One of the most encouraging lectures I ever attended was given by Kevin MacDonald. It was published as “Psychology and White Ethnocentrism [3].” MacDonald examines the scientific literature on “implicit racism.” Now, when I first heard of this idea, I rolled my eyes. Because implicit racism sounds to me like an essentially occult explanation for why blacks and browns do not perform as well as whites even when explicit racism has been dismantled. Since the Left simply denies that races are biologically unequal in their capacities, poor performance must have social causes, and if obvious social causes have been eliminated, then more obscure ones like “stereotype threat” or “implicit racism” must be at work.

But it turns out that implicit racism is real. The human brain is hard-wired to feel more comfortable around people who are genetically similar to us and to feel unease around people who are genetically different. Moreover, we are capable of making astonishingly accurate assessments of genetic similarity starting in infancy. So we’re not monsters. We’re neurologically quite normal, and the fact that the majority of our people do not share our views (yet) is just a sign that we are ahead of the curve.

If human beings were entirely controlled by our instincts, multiculturalism would not be a problem. Peoples would separate naturally and stay that way. But the higher, distinctly human parts of our brains can be programmed to think that ethnocentrism is immoral. This programming does not alter our instinctive ethnocentrism. It merely institutes an inner conflict between our moral convictions and our healthy instincts. These instincts still, however, express themselves unconsciously or hypocritically in “implictly white” affinity groupings.

This analysis is grounds for hope in two ways.

First, it implies that, other things being equal, we are not just ahead of the curve but stronger and healthier than our politically correct brethren. We don’t fight against or feel guilty about our ethnocentric feelings, but they do. Anti-racism, in short, is a state of constant psychological conflict, i.e., a form of mental illness, and relentless diversity propaganda is a form of gaslighting.

Second, it implies that our task is much easier. For although the enemy still largely controls the programming of our people’s conscious minds through education and popular culture, deep down our people are already on our side. They feel what we feel.
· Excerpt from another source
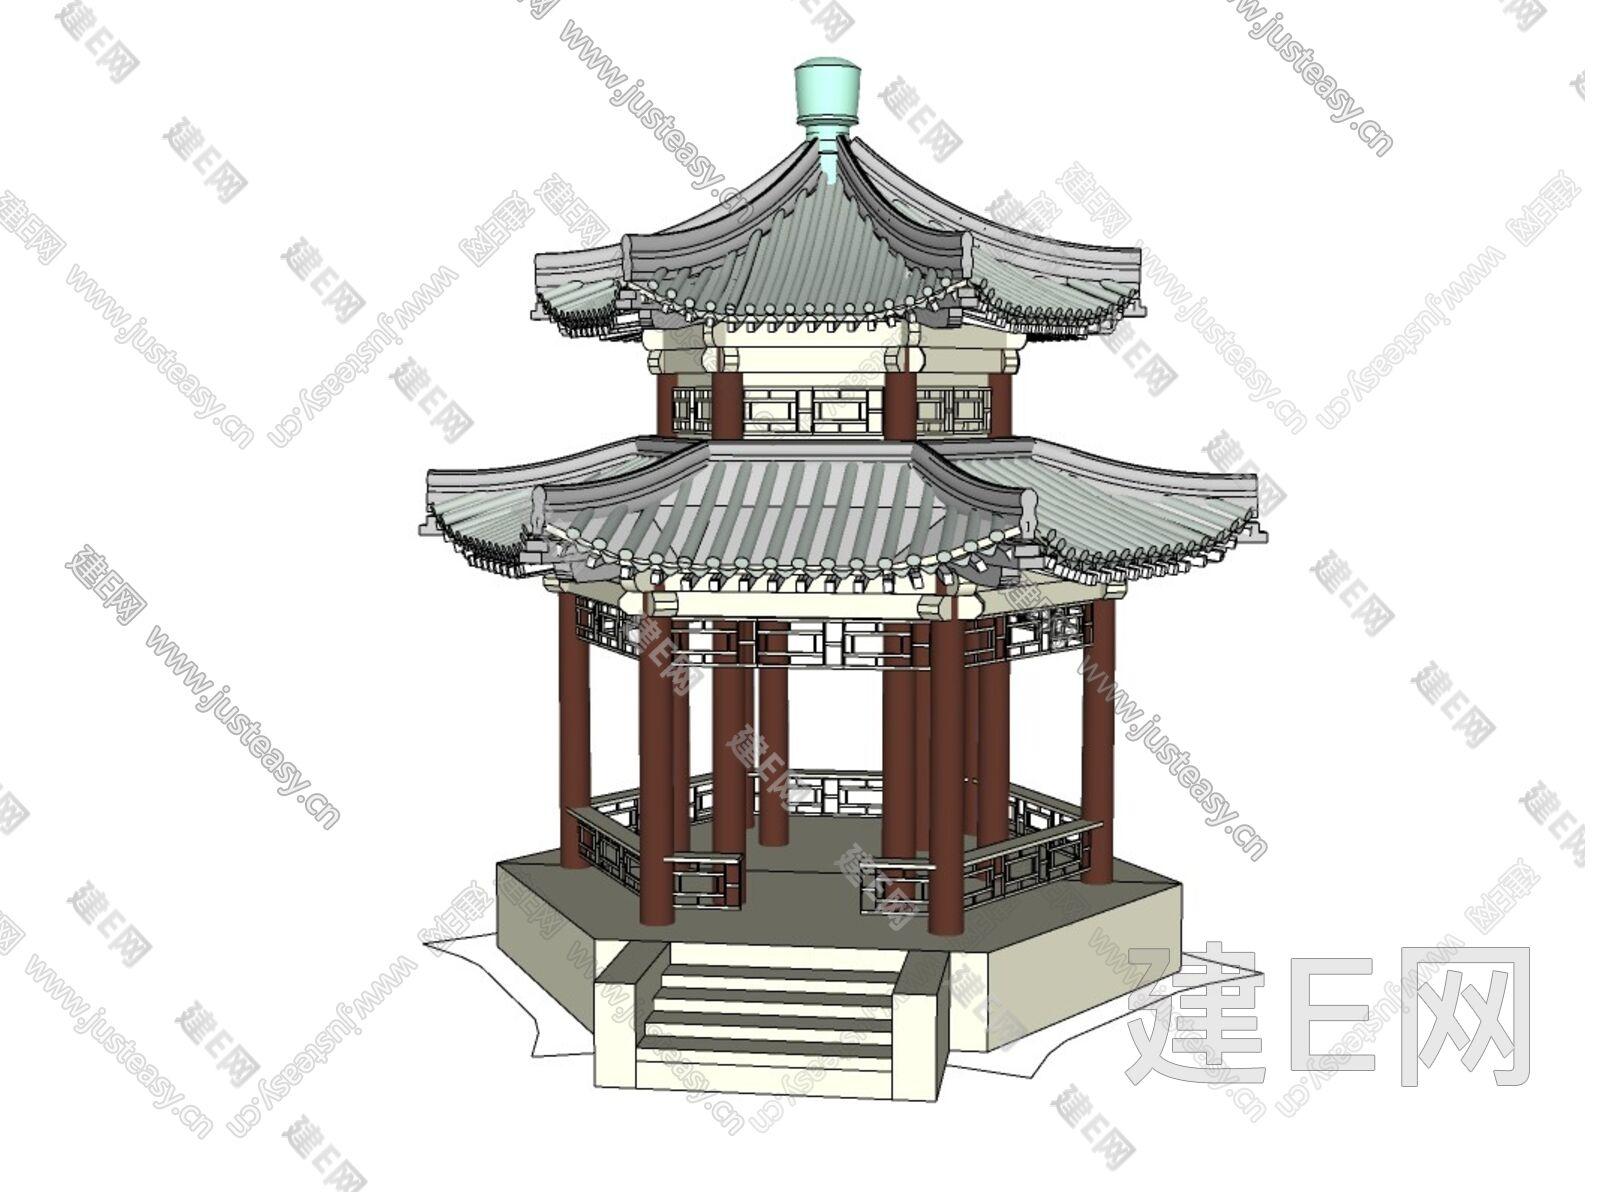 重檐6角亭sketchup模型

Our task, therefore, is merely to make them conscious of their ethnocentric feelings and morally comfortable with them. That’s no small task, as it goes against the reigning moral traditions of the last two thousand years. But it is encouraging to know that nature is on our side.

There is an abyss between where we are now and the world we want to create. And when you need to leap over an abyss, first you take a step back. Metapolitics is taking a step back from politics and assessing one’s situation and strategy for getting to the other side. And when a group of Swedes, Englishmen, and Americans meet in Hungary to talk about how to save our homelands, that is taking a step back too. I want to thank all of you for making this gathering possible, and I hope we will all have renewed energies as we leap back into the fray.